Basic MCMC and Bayesian Statistics in BASIC - phreeza
http://sumsar.net/blog/2015/08/basic-mcmc-and-bayesian-statistics-in-basic/
======
cygwin98
Just to point out: these days you don't have to use the dosbox/qbasic combo in
order to have a qbasic-compatible environment. There is an open-source
implementation called qb64 that is both qbasic compatible and cross-platform
(Windows, Linux and Mac).

Also, in qbasic, line number is optional.
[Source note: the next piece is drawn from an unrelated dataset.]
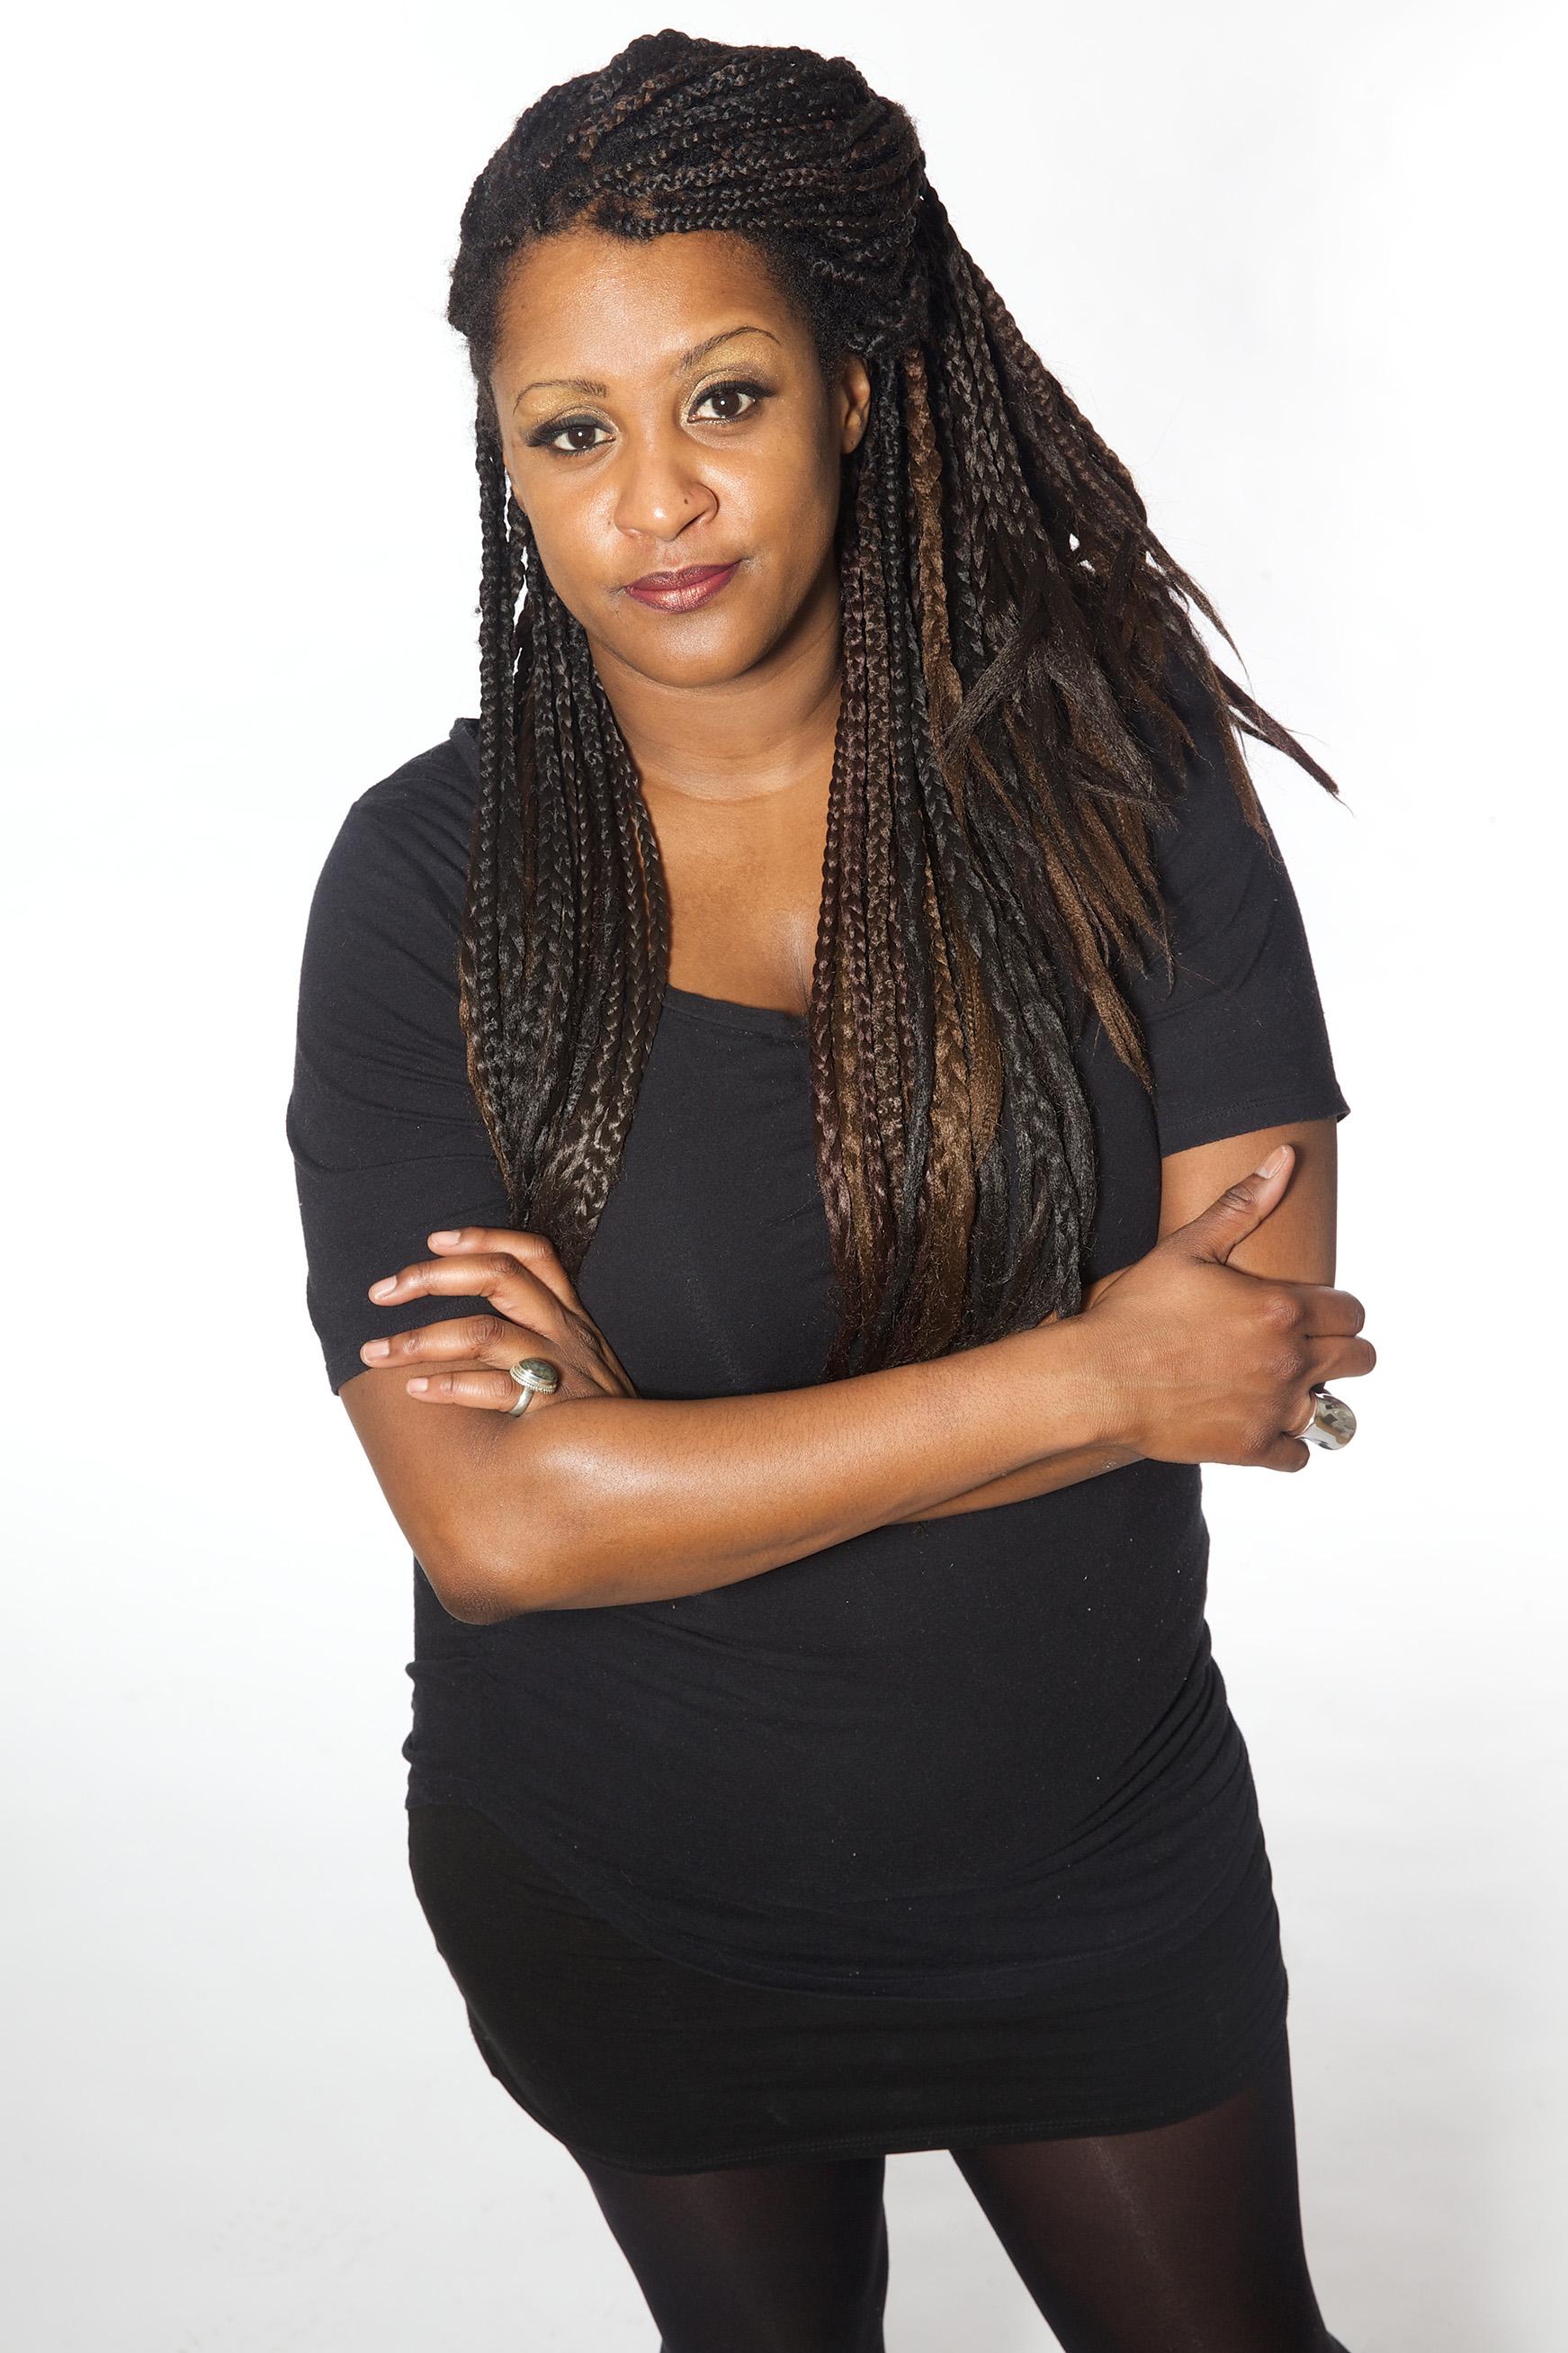 Dana Alexander Stand Up Comedian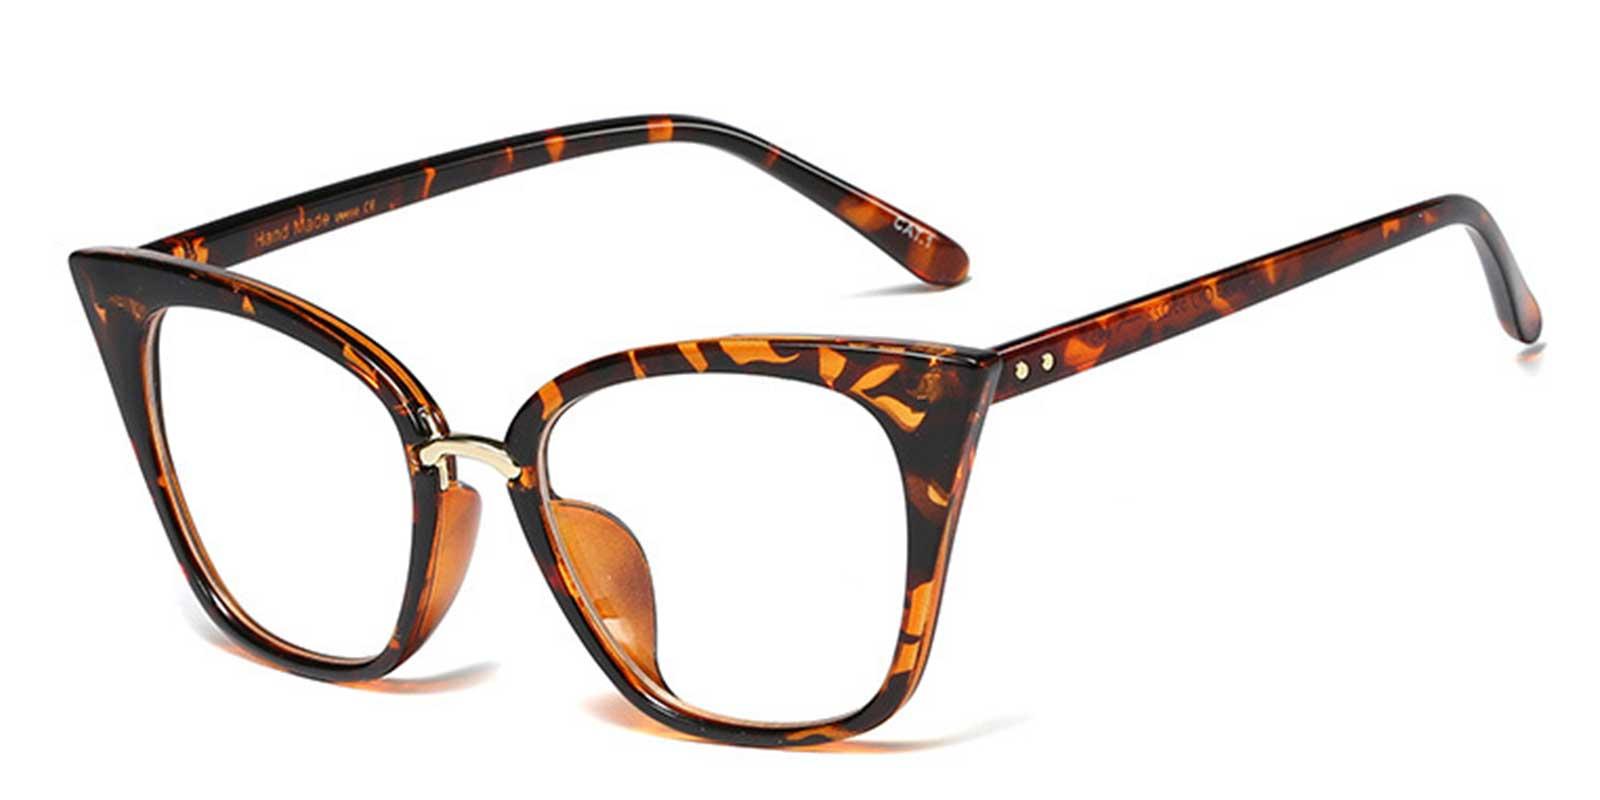 Delicia-Cat eye glasses: the elegant  frame designed

With SUB and FUNCTION, you can
actually do structured programming like what other programming languages such
as Pascal does.

------
acqq
> All in all, it seems like I could have done pretty advanced Bayesian
> statistics using the computational tools I had access to 20 years ago! (Of
> course, one could easily have implemented a similar program in C or FORTRAN
> much much earlier…)

Turbo Pascal 3, available not later than 1986, had already much nicer syntax,
was a real compiler, had a fast IDE and the ability to draw.

QBasic appeared in 1991.

------
bitwize
We snicker at BASIC today, but it was more than just a language to write toy
games in on your Commodore 64. To engineers, scientists, and other mathy
numbersy types, it was the MATLAB of the era.